2020; the year that wasn’t a year. A year where so much changed, but so little happened. A generation defining 12 months; yet for most of those months the population was confined to their homes. A year without live music.
And so we come to '10 Years Gone' - San Francisco metal band Deafheaven’s answer to some of the problems 2020 has thrown at us - a live album that isn’t a live album. Deafheaven had planned for this to be a celebratory year; they wanted to mark the 10th anniversary of their debut demo with a grand tour of North America. The events of 2020 put paid to that, and so '10 Years Gone' is a ‘live in the studio’ rendition of the set they had planned to perform; eight tracks from throughout their career, recorded in studio session format with long-time producer Jack Shirley.
Adored by the indie-press for their progressive melding of extreme metal with shoegaze and post-rock, whilst conversely reviled by many in the traditional metal community for their apparent temerity in using black metal genre motifs while eschewing the traditional aesthetic, it is fair to say the middle-ground is often untrodden when it comes to opinions on Deafheaven.
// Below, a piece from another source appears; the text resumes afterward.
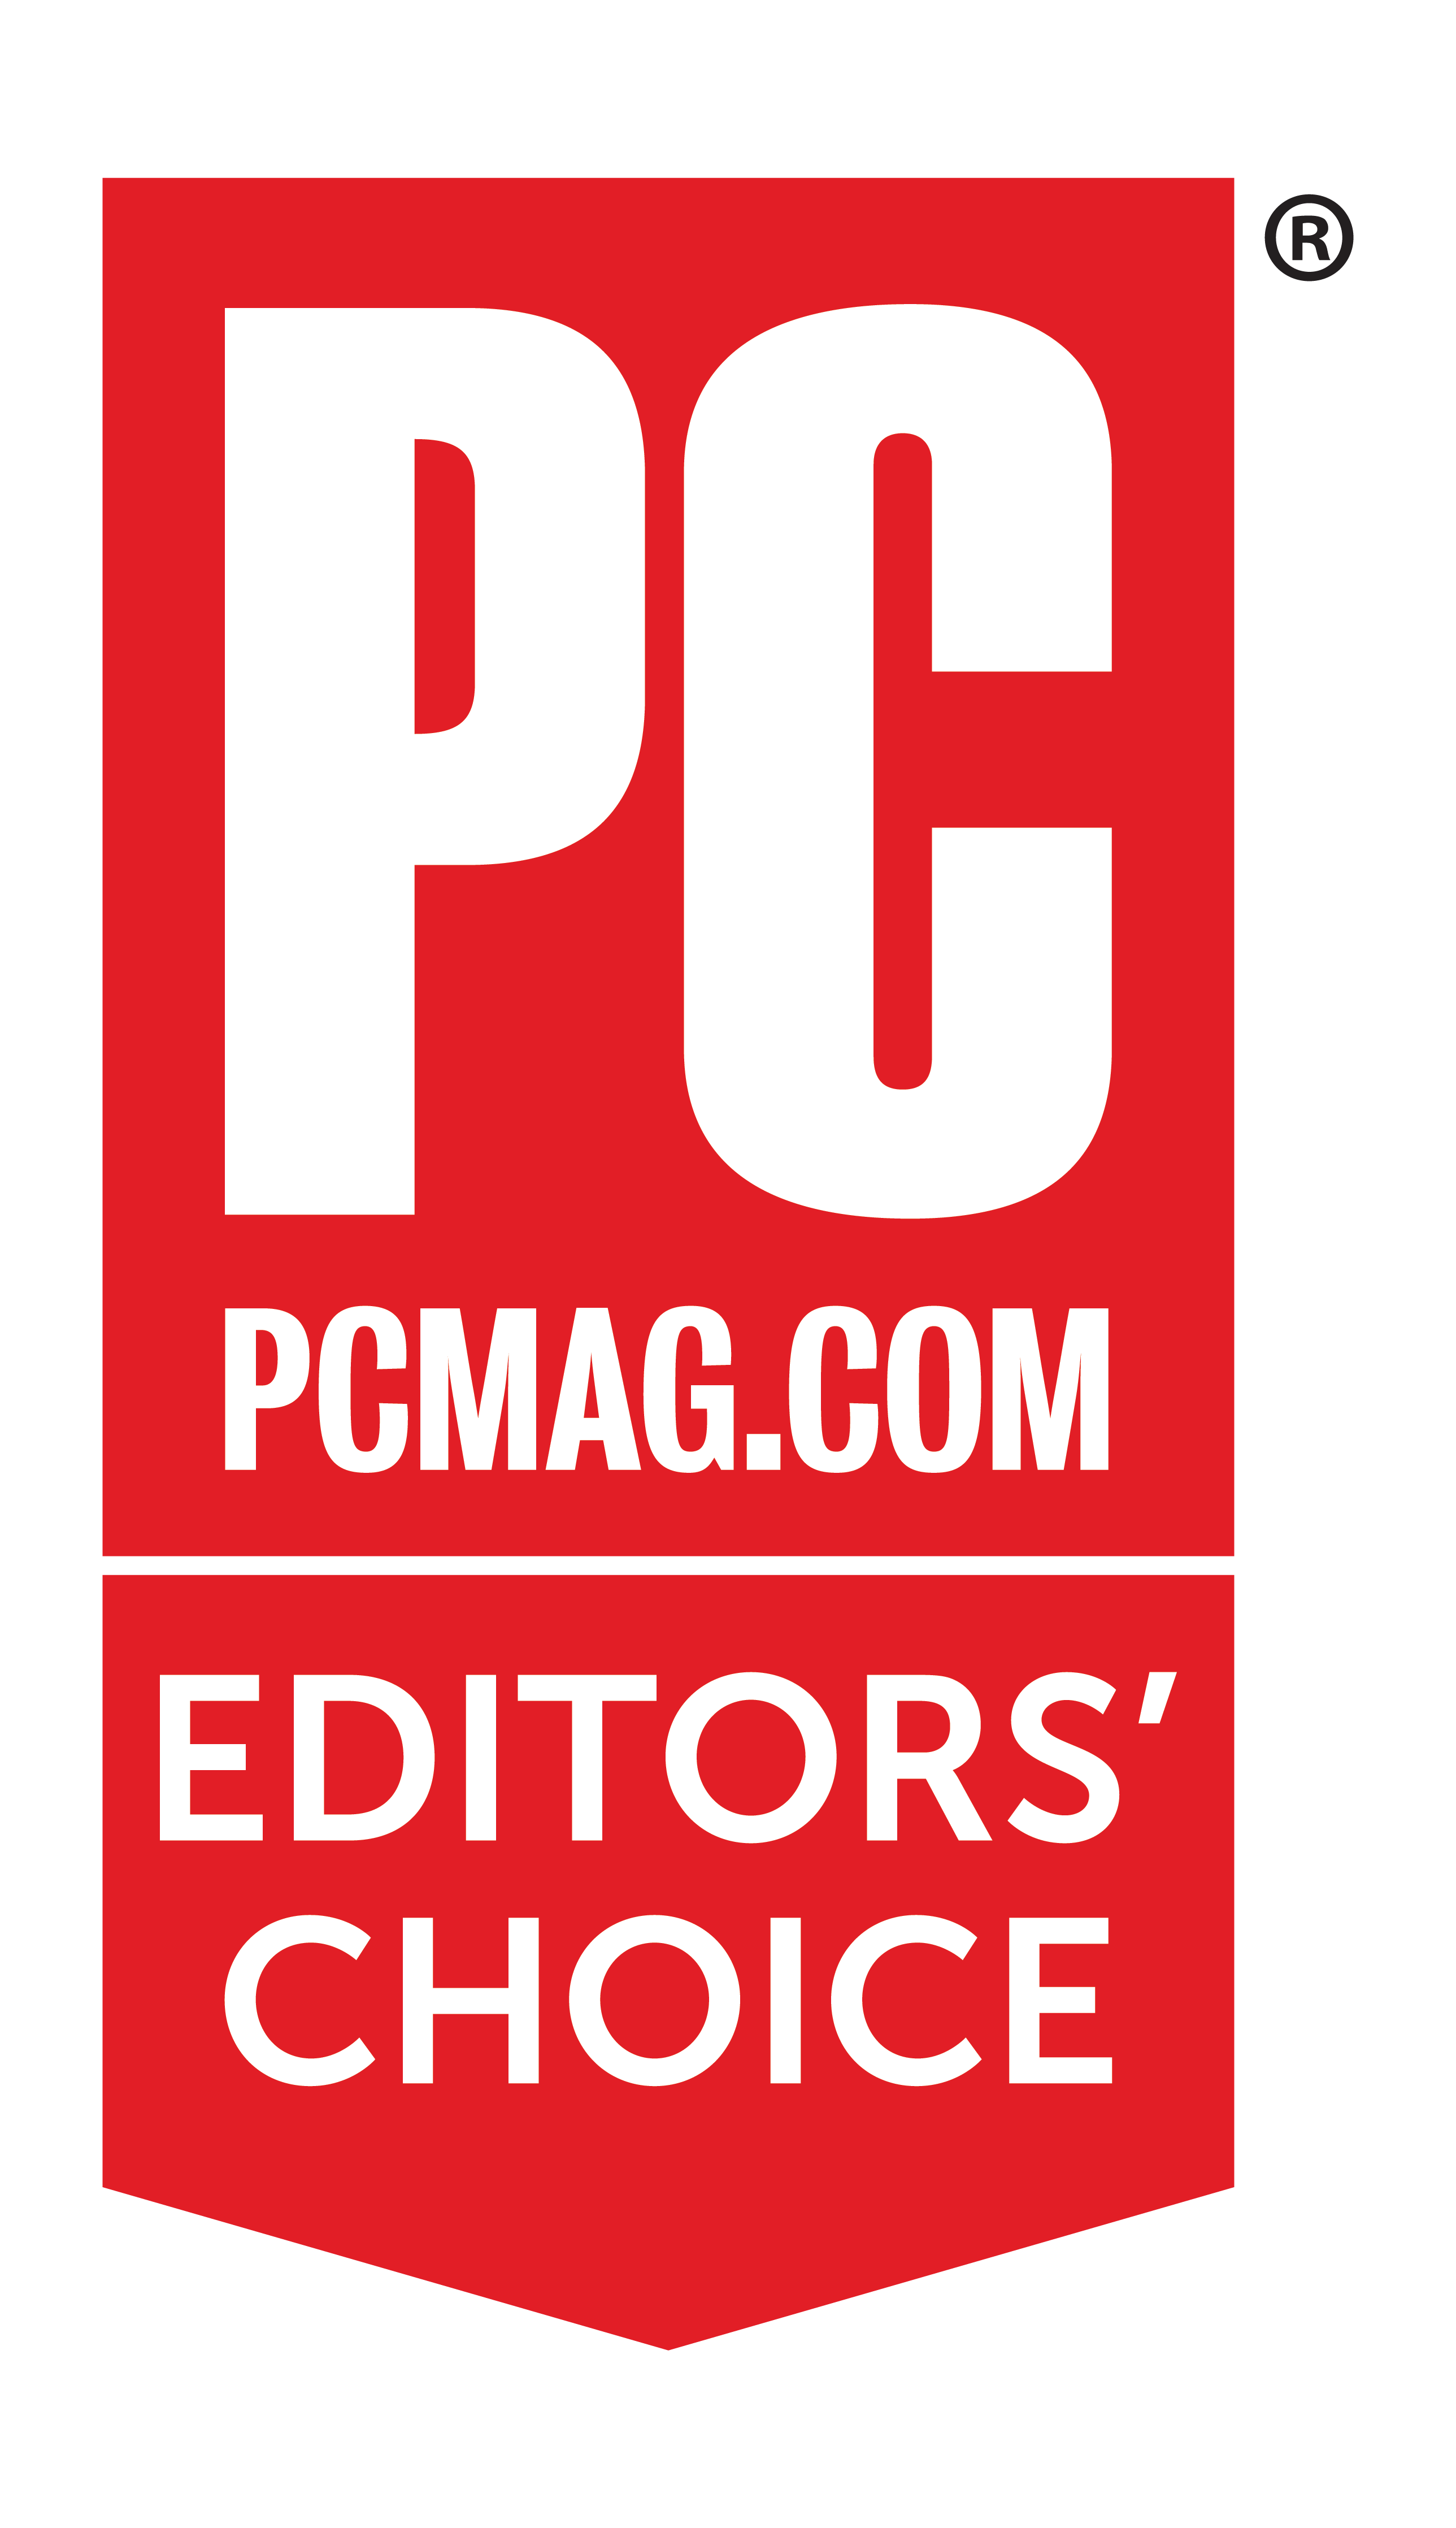 A top online payroll services for small business, according to PC Mag

But an objective listener would be hard-pushed to deny Deafheaven offer a lot to both the indie and the metal fan, and this record provides a chance to study the progress of the band as songwriters, and to really take in their musicianship. The track listing itself is interesting as it isn’t necessarily a ‘greatest hits’, but more a carefully crafted reflection on the disparate parts of the band’s sound, and a journey through their development from unsigned duo to Grammy-nominated five-piece.
The session format both adds and takes away. Older tracks such as 'Deadalus' and 'Vertigo' feel sharper and more focused, guitarists McCoy and Mehra finding new ways to refine and accentuate particular parts and melodies, whilst the bluesy breakdown in 'Glint', from 2018’s 'Ordinary Corrupt Human Love', sounds like it’s been further honed in its two years away from the studio and in front of crowds. But on tracks such as 'Dream House' and 'The Pecan Tree', opener and closer respectively of their 2013 opus 'Sunbather', lack some of the multi-tracked glory of their studio versions, and it’s on favourites like this that you yearn for this to be a proper live album, with the spill of the crowd noise filling any gaps in the audio spectrum.
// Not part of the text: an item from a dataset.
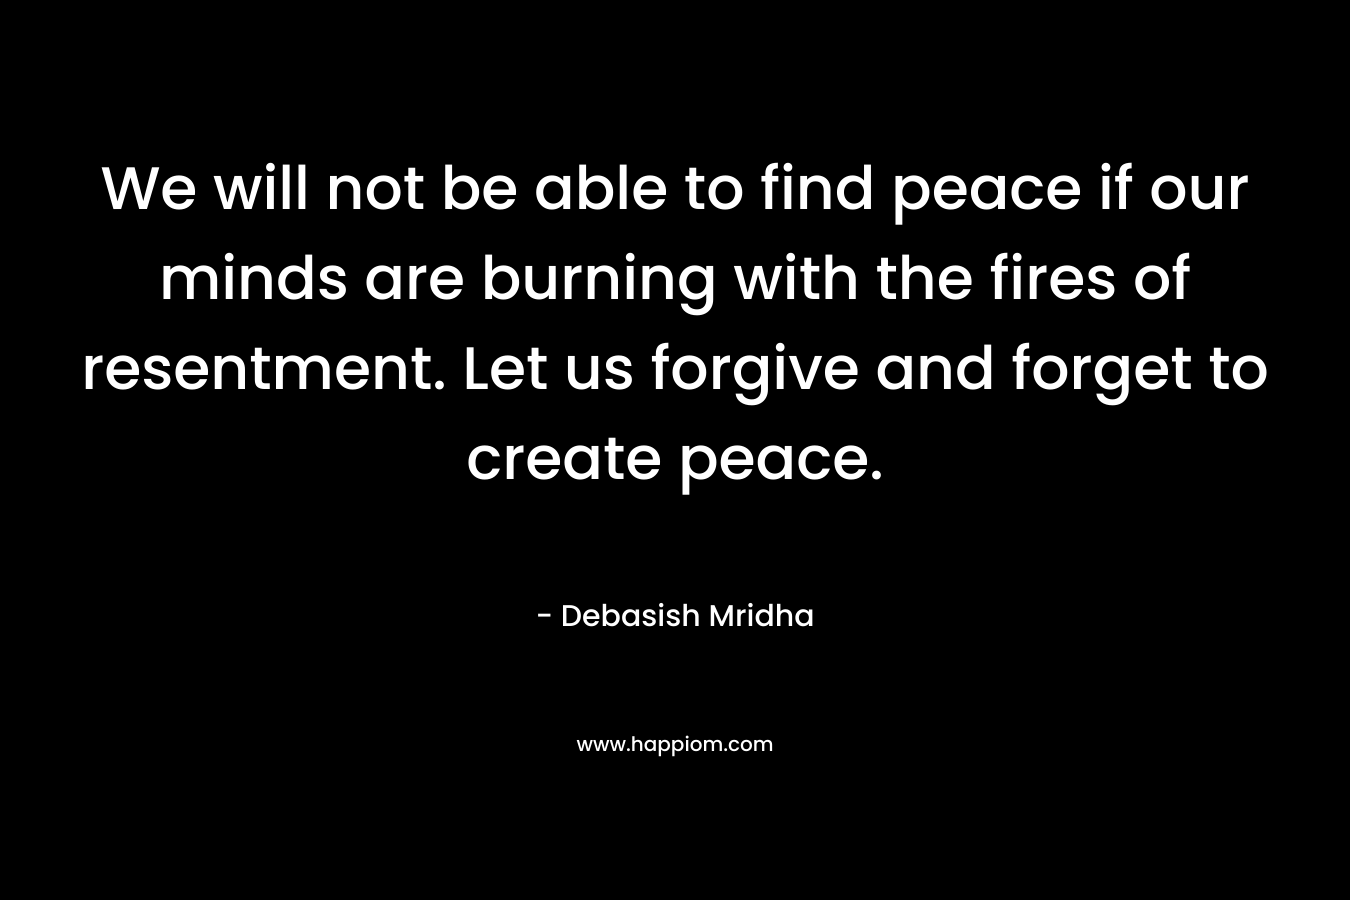 We will not be able to find peace if our minds are burning with the fires of resentment. Let us forgive and forget to create peace.

'10 Years Gone' is a worthy attempt to solve a problem; to give fans something in a year where they’ve had so little, and to allay some lost income without resorting to a lazily packaged greatest hits compilation. Credit to Deafheaven for putting in the effort, and for both fans and newcomers alike, this is an interesting and well crafted journey through the band’s first decade. But, as with everything else in 2020, it would just have been so much better with a crowd.